ASSIGNMENT ->
The full listing, returned exactly and free of pictures, is the expected answer.

SOURCE DATA ->

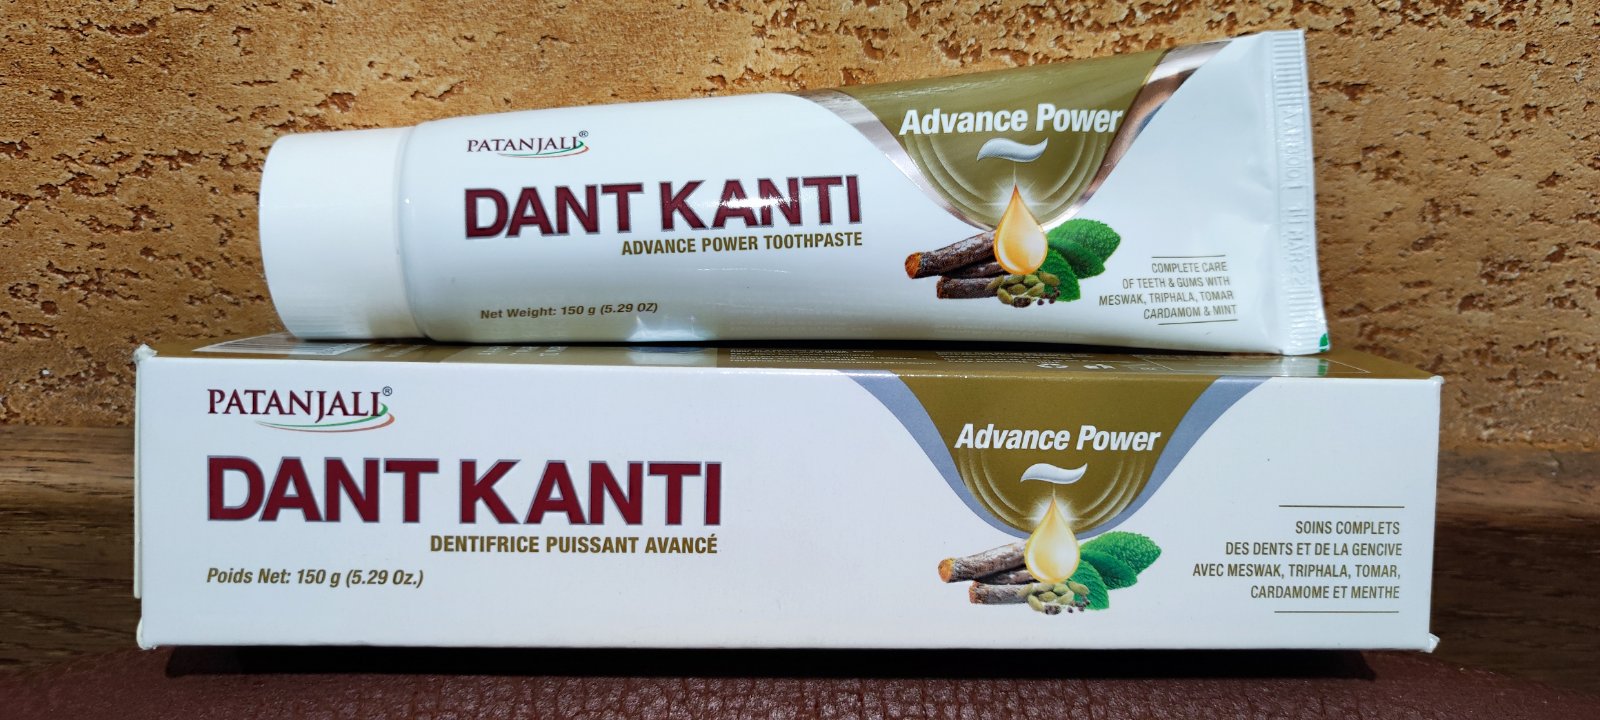 Зубная паста Дант Канти Advance power Dant Kanti Patanjali Улучшенная сила 150 гр
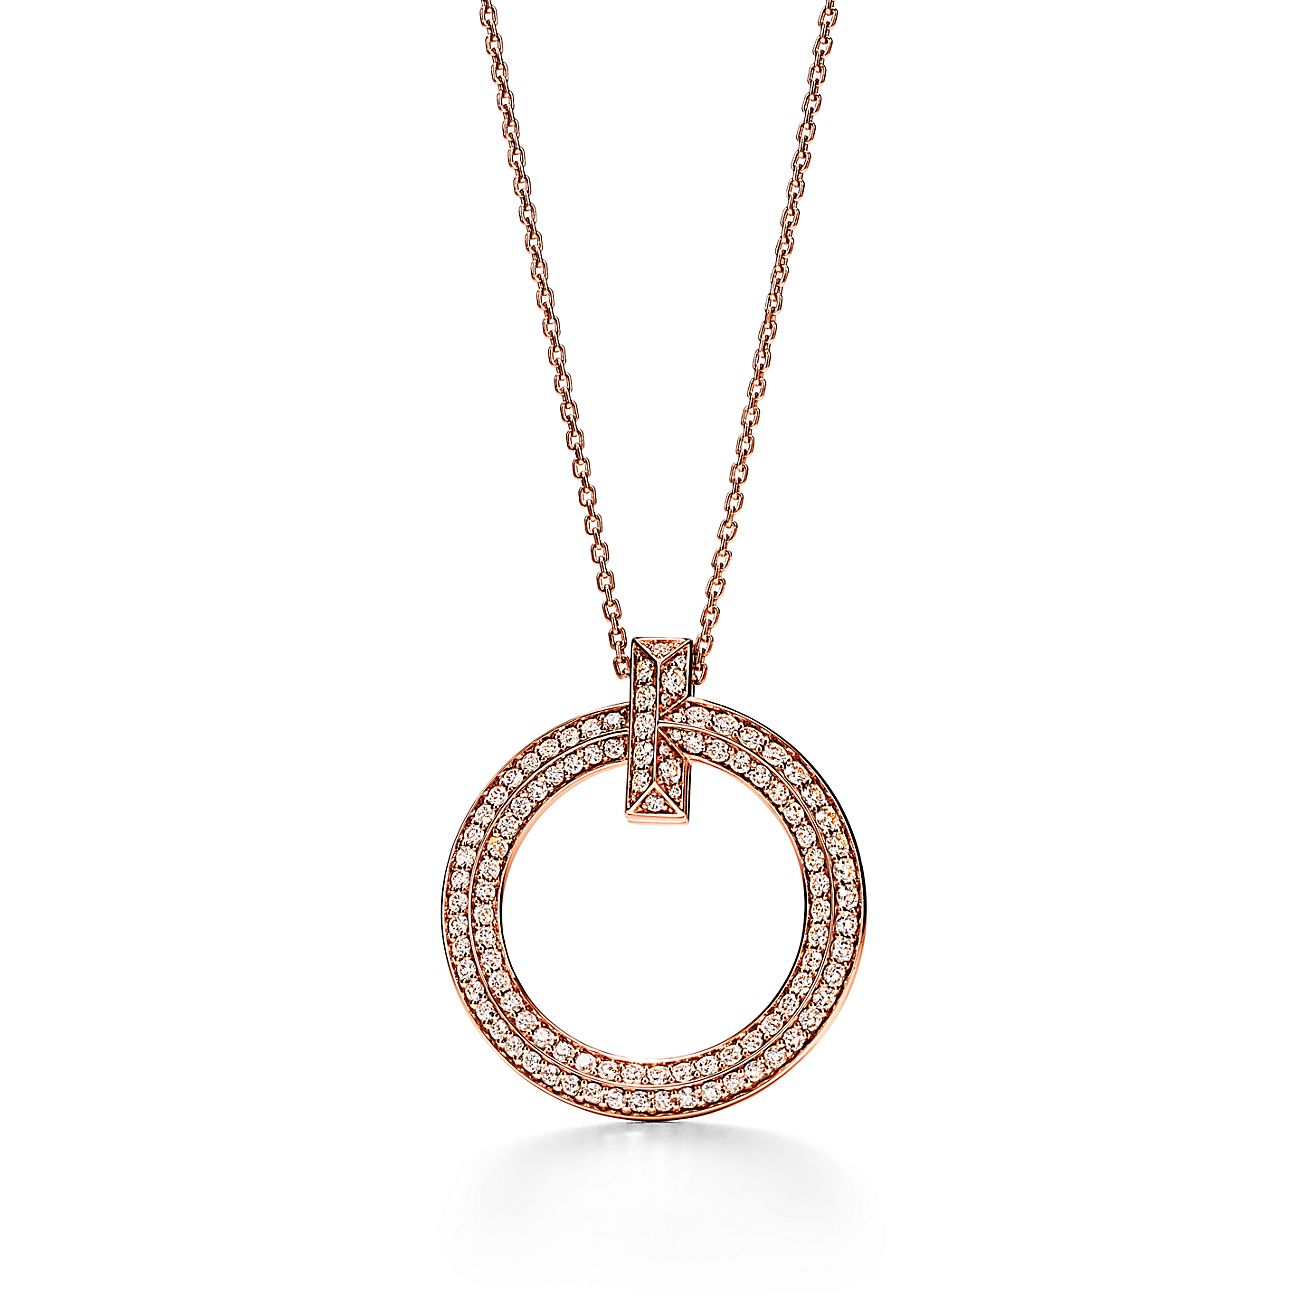 Buy Crunchy Fashion Elegant Gold-plated Circle Pendant Necklace Set Online
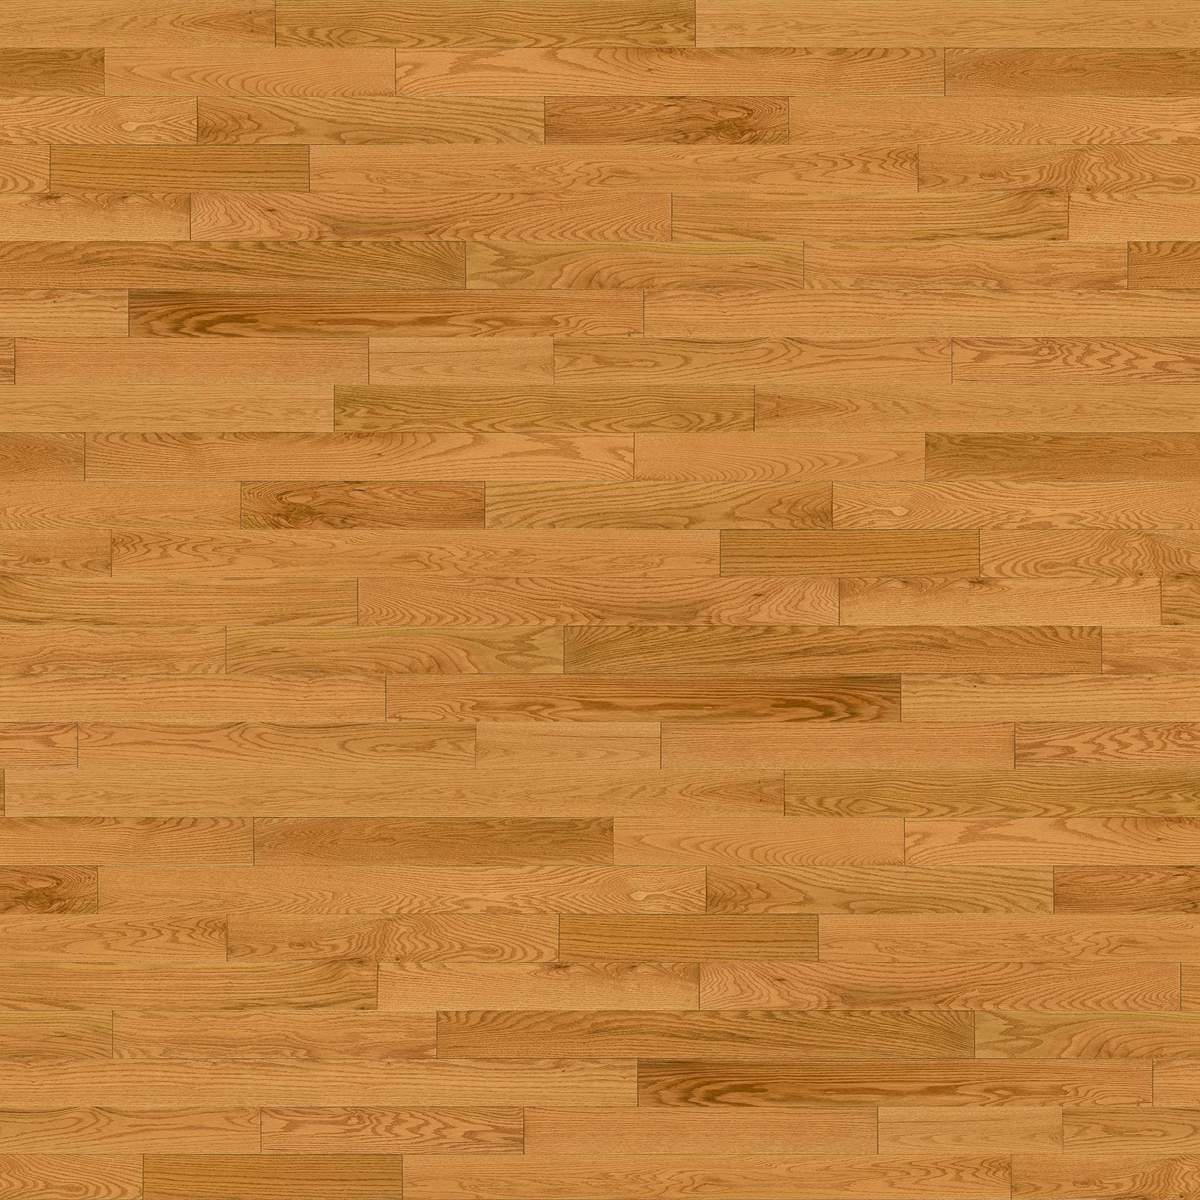 Prestige Hardwood Flooring, Oak Hardwood Flooring 3 1 4
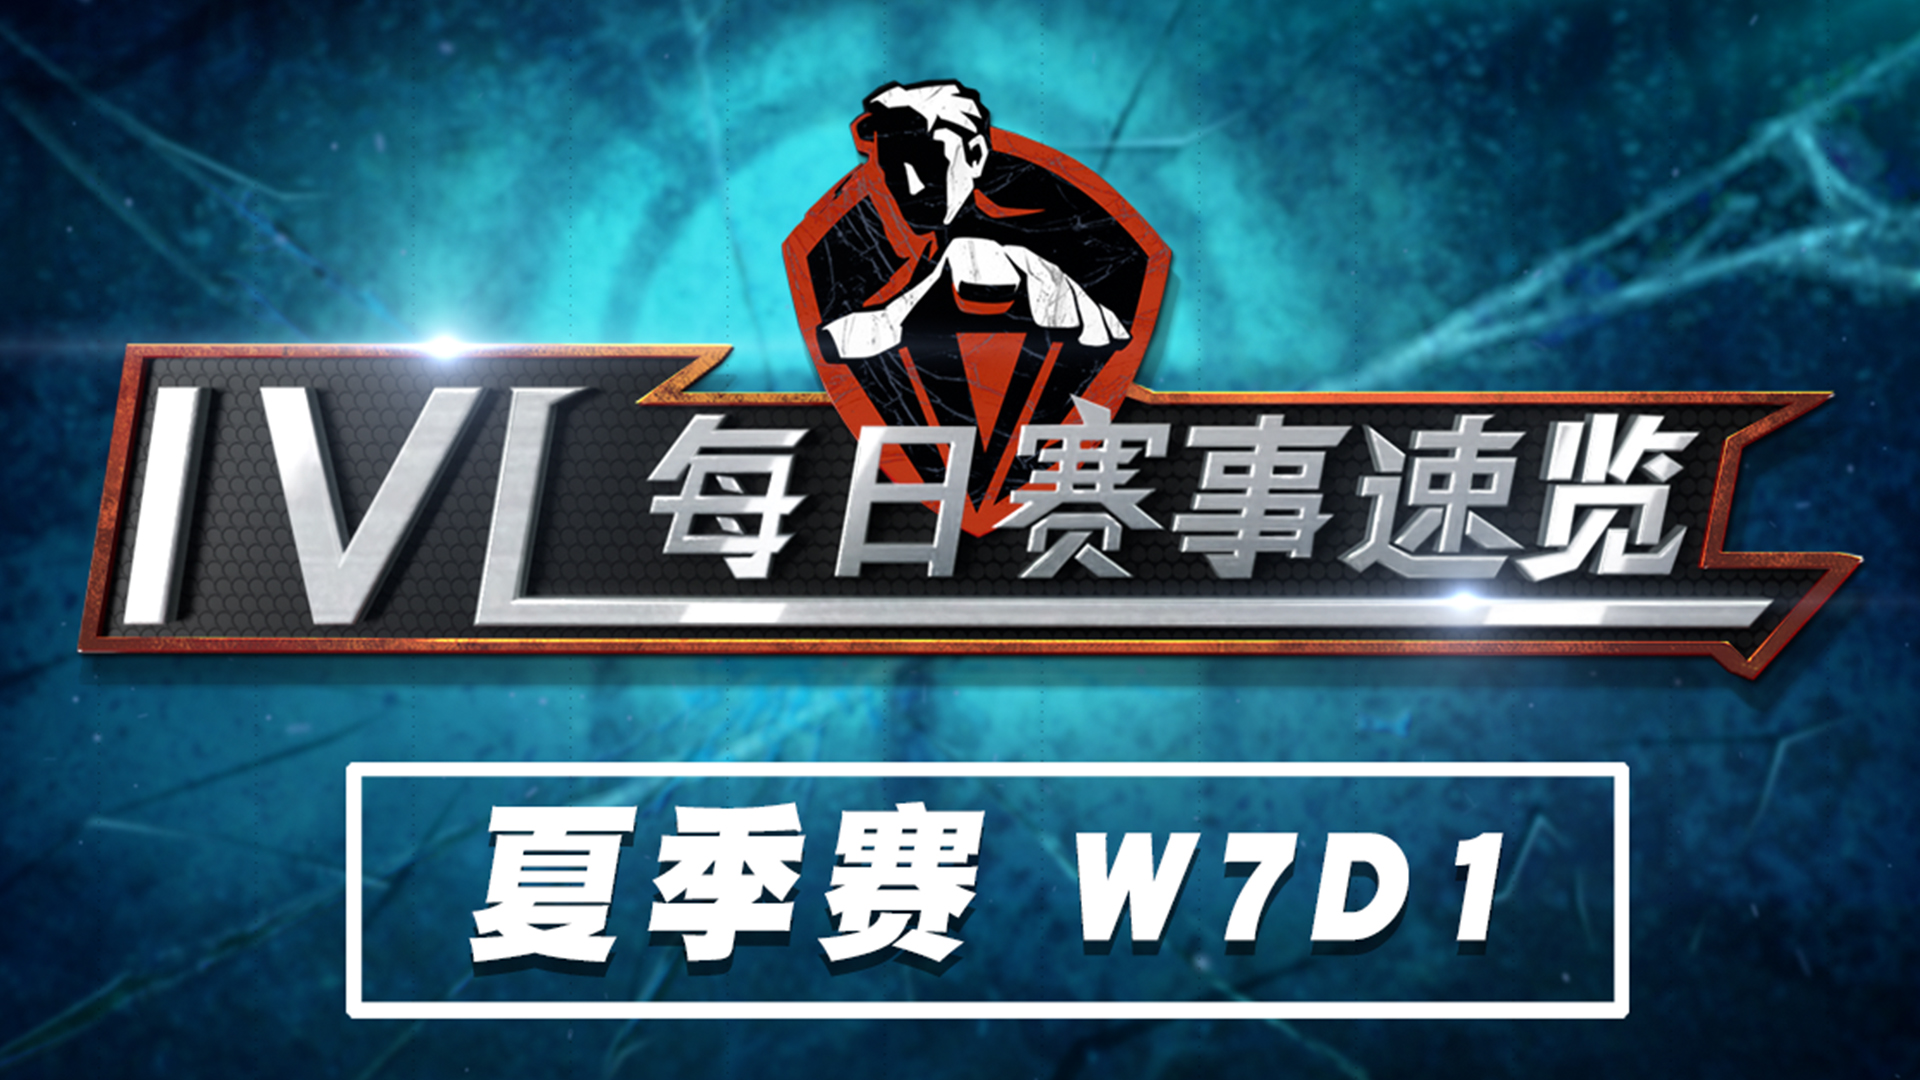 【2020IVL】夏季赛W7D1 赛事速览
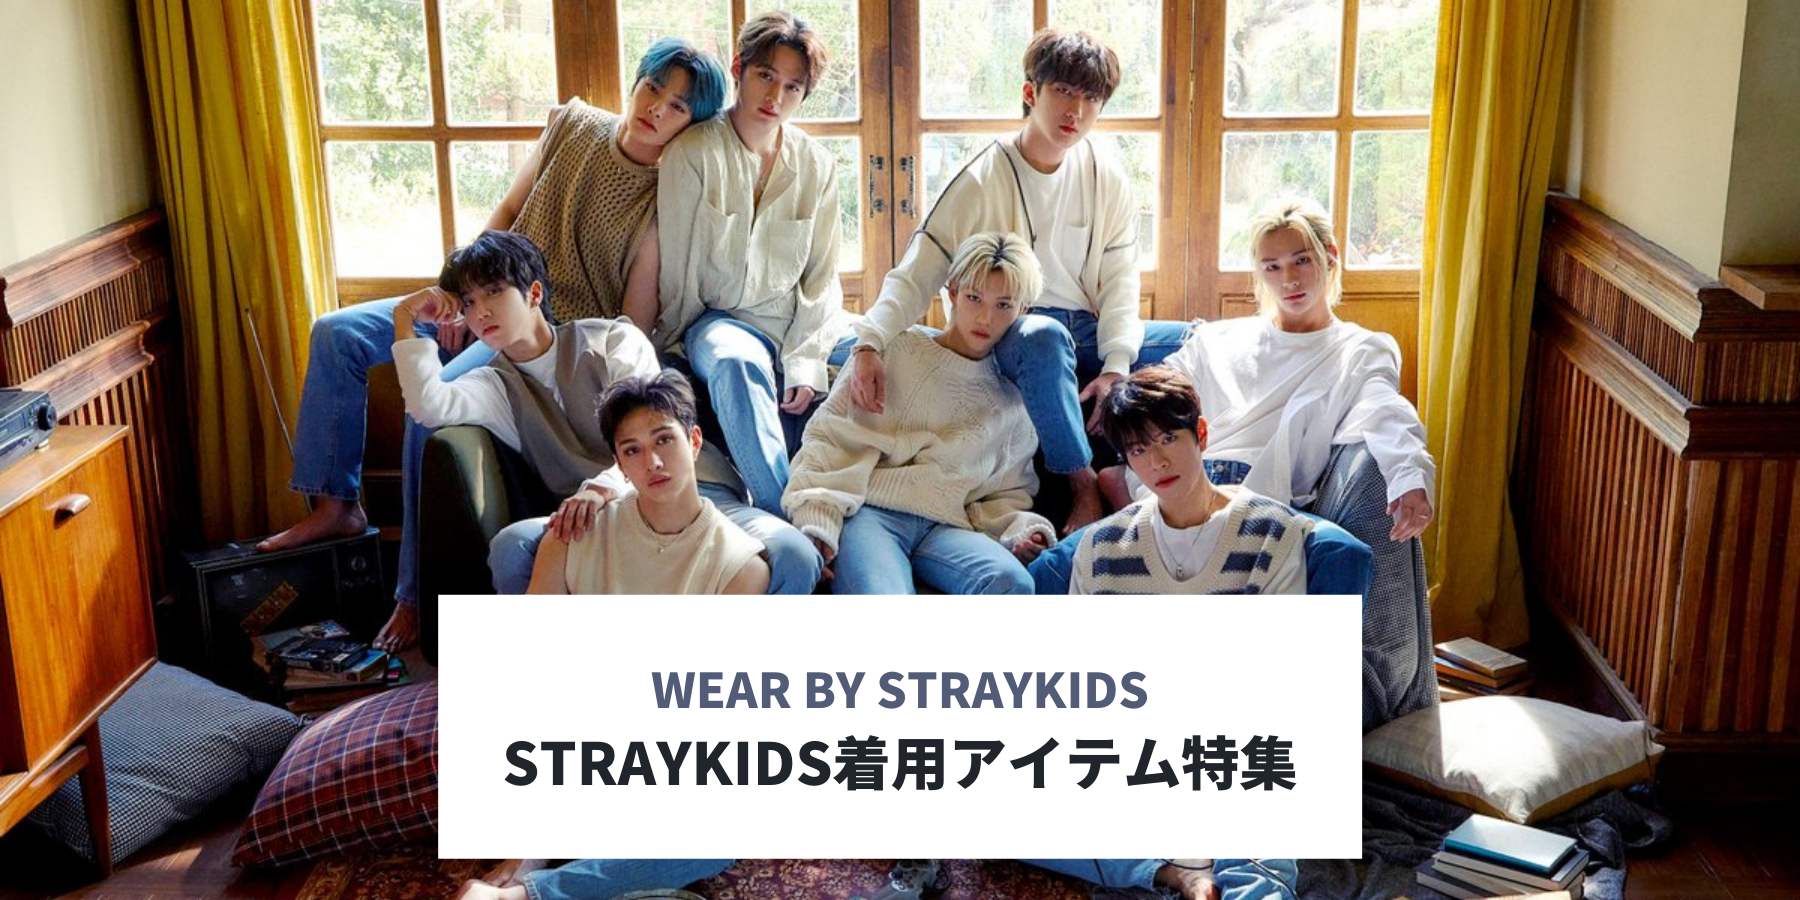 straykids着用アイテム特集 - アジアのファッション通販サイト「60

OUTPUT ->
 Зубная паста Дант Канти Advance power Dant Kanti Patanjali Улучшенная сила 150 гр
 Buy Crunchy Fashion Elegant Gold-plated Circle Pendant Necklace Set Online
 Prestige Hardwood Flooring, Oak Hardwood Flooring 3 1 4
 【2020IVL】夏季赛W7D1 赛事速览
 straykids着用アイテム特集 - アジアのファッション通販サイト「60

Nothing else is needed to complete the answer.